Setup variables¶

By default the variables to be optimized is setup with the following parameters:

initial value lower bound upper bound
1e-4 -0.01 0.01

However, subtle configuration could be achieved by using set_variables() method of DakotaOc class, here is how to do it:

Parameter could be created by using DakotaParam class, here is the code:

# set x correctors
hcors = oc_ins.get_all_cors(type='h')[0:40]
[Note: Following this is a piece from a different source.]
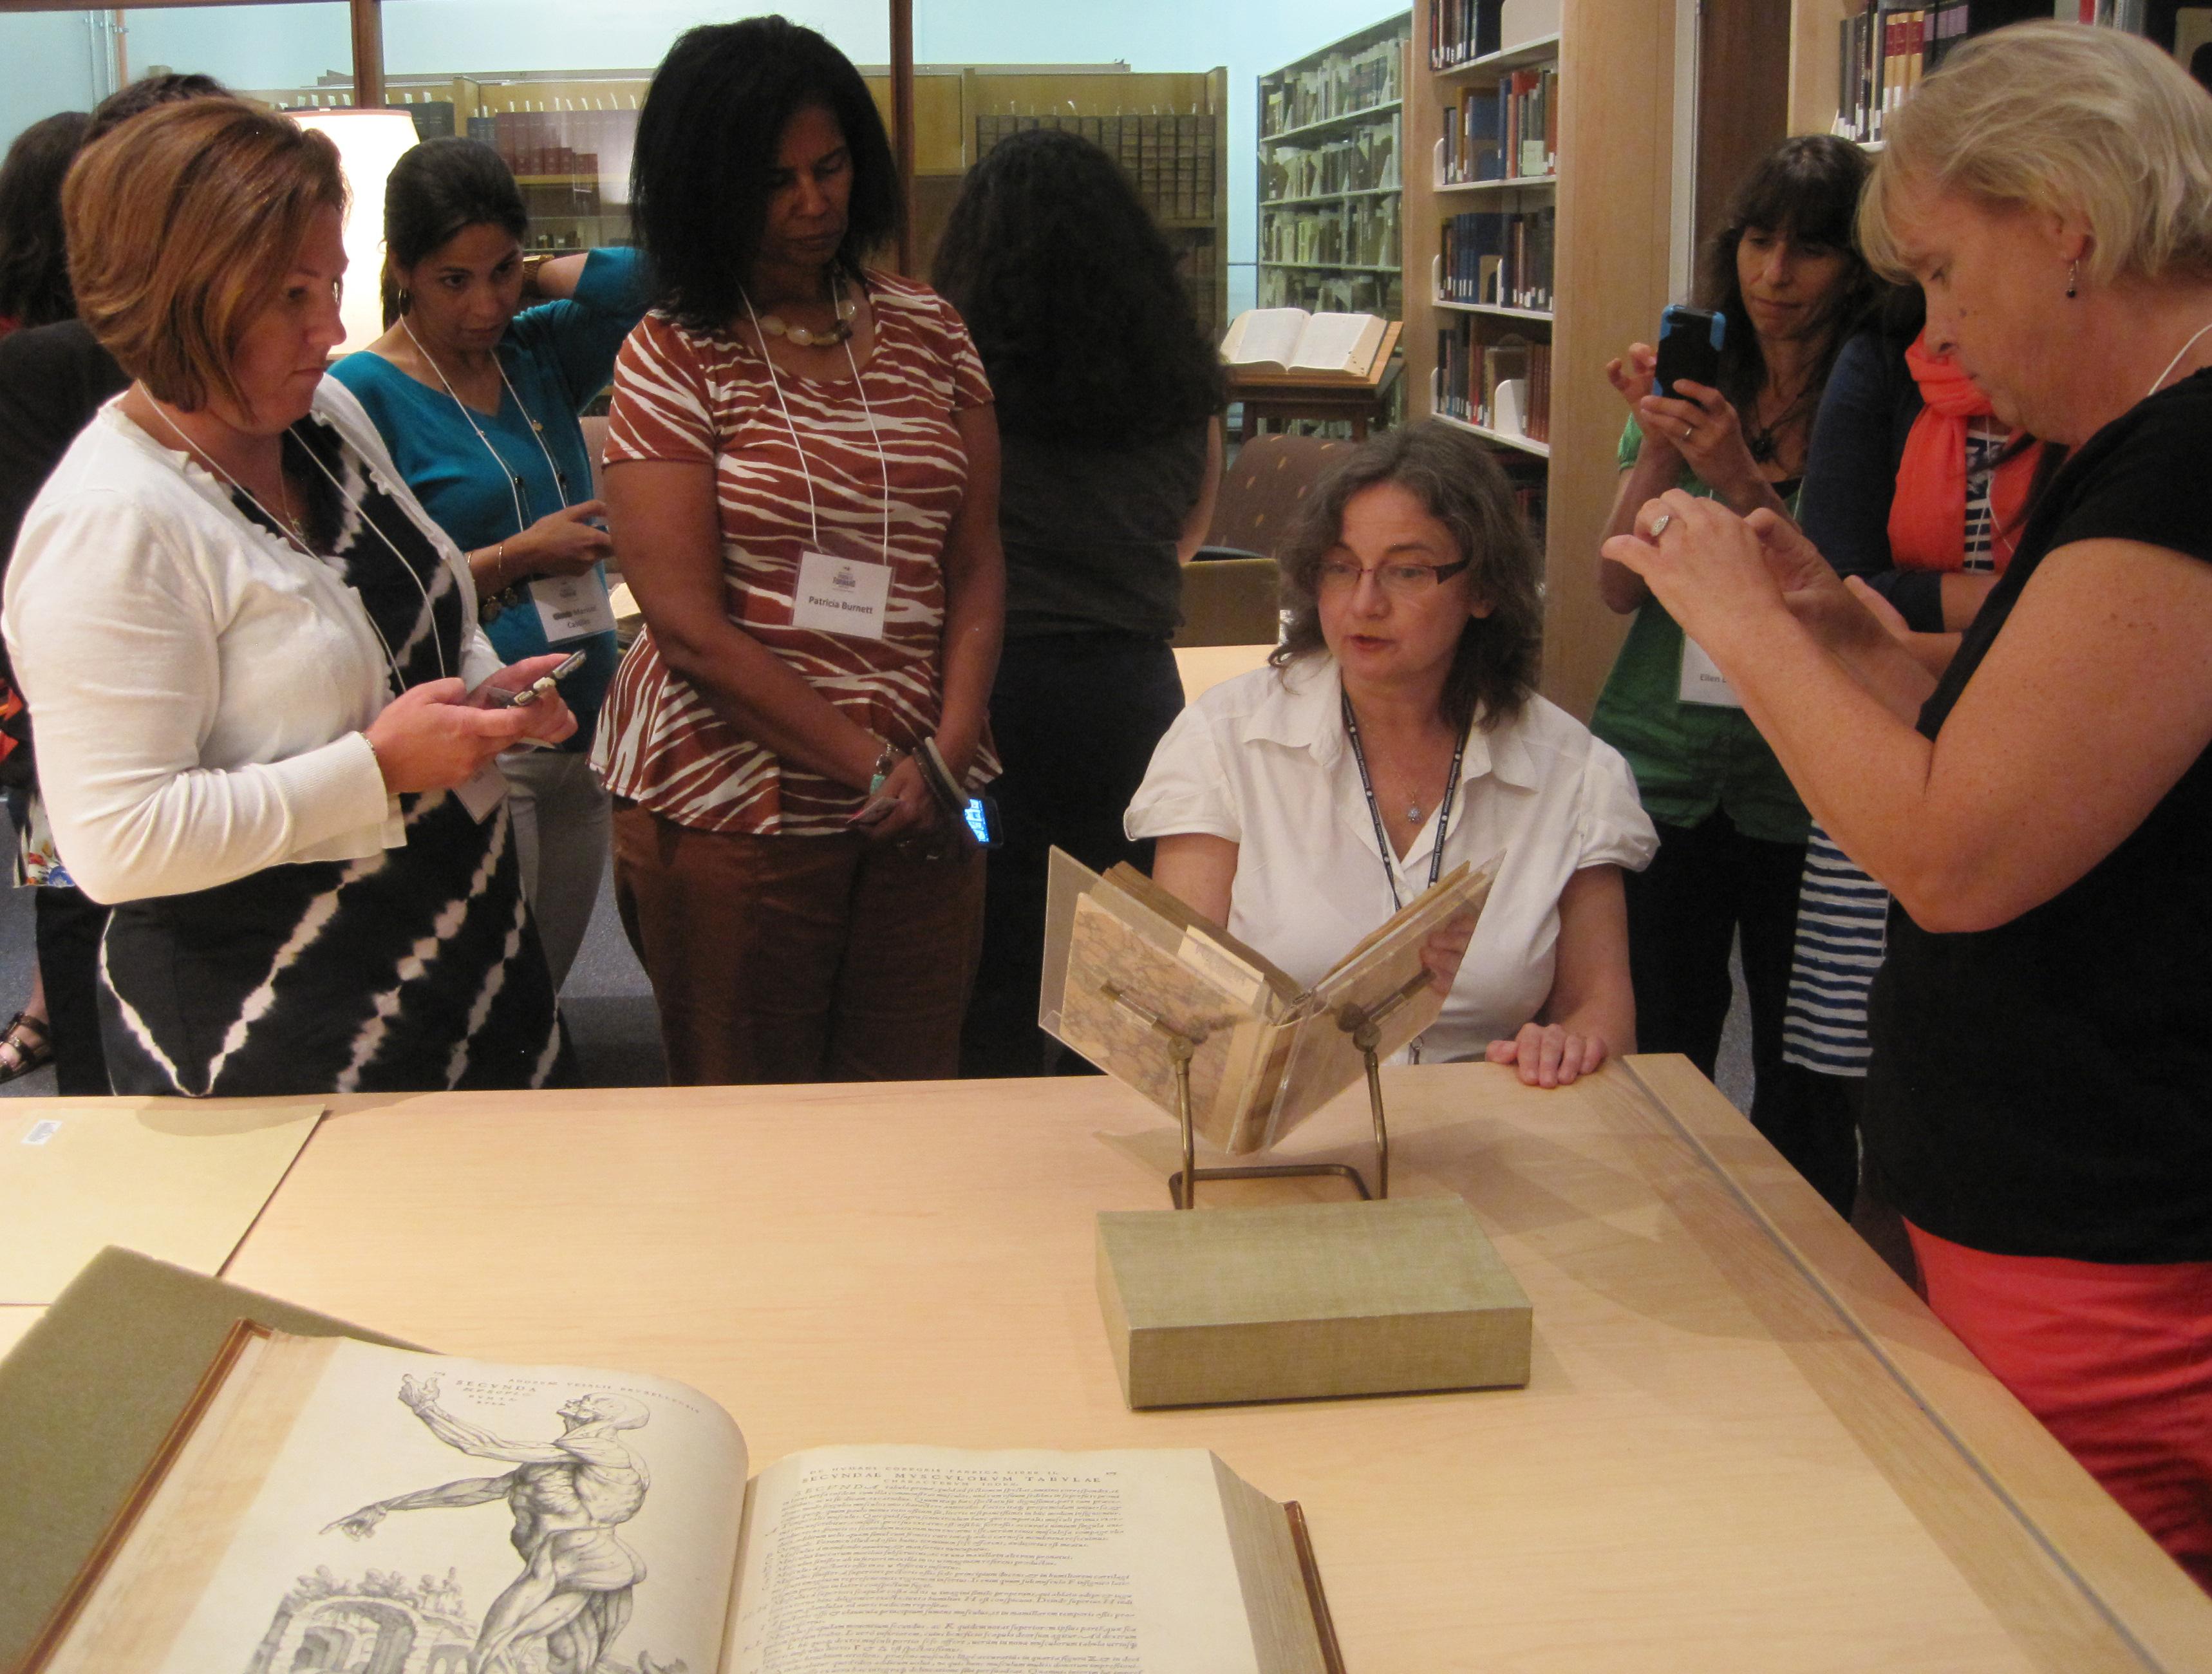 Teachers look at historic books

# set initial, lower, upper values for each variables
n_h = len(hcors)
xinit_vals = (np.random.random(size=n_h) - 0.5) * 1.0e-4
xlower_vals = np.ones(n_h) * (-0.01)
xupper_vals = np.ones(n_h) * 0.01
xlbls = ['X{0:03d}'.format(i) for i in range(1, n_h+1)]

# create parameters
plist_x = [genopt.DakotaParam(lbl, val_i, val_l, val_u) 
            for (lbl, val_i, val_l, val_u) in 
                zip(xlbls, xinit_vals, xlower_vals, xupper_vals)]

plist_y could be created in the same way, then issue set_variables() with set_variables(plist=plist_x+plist_y).

Note

The emphasized line is to setup the variable labels, it is recommended that all parameters’ label with the format like x001, x002, etc.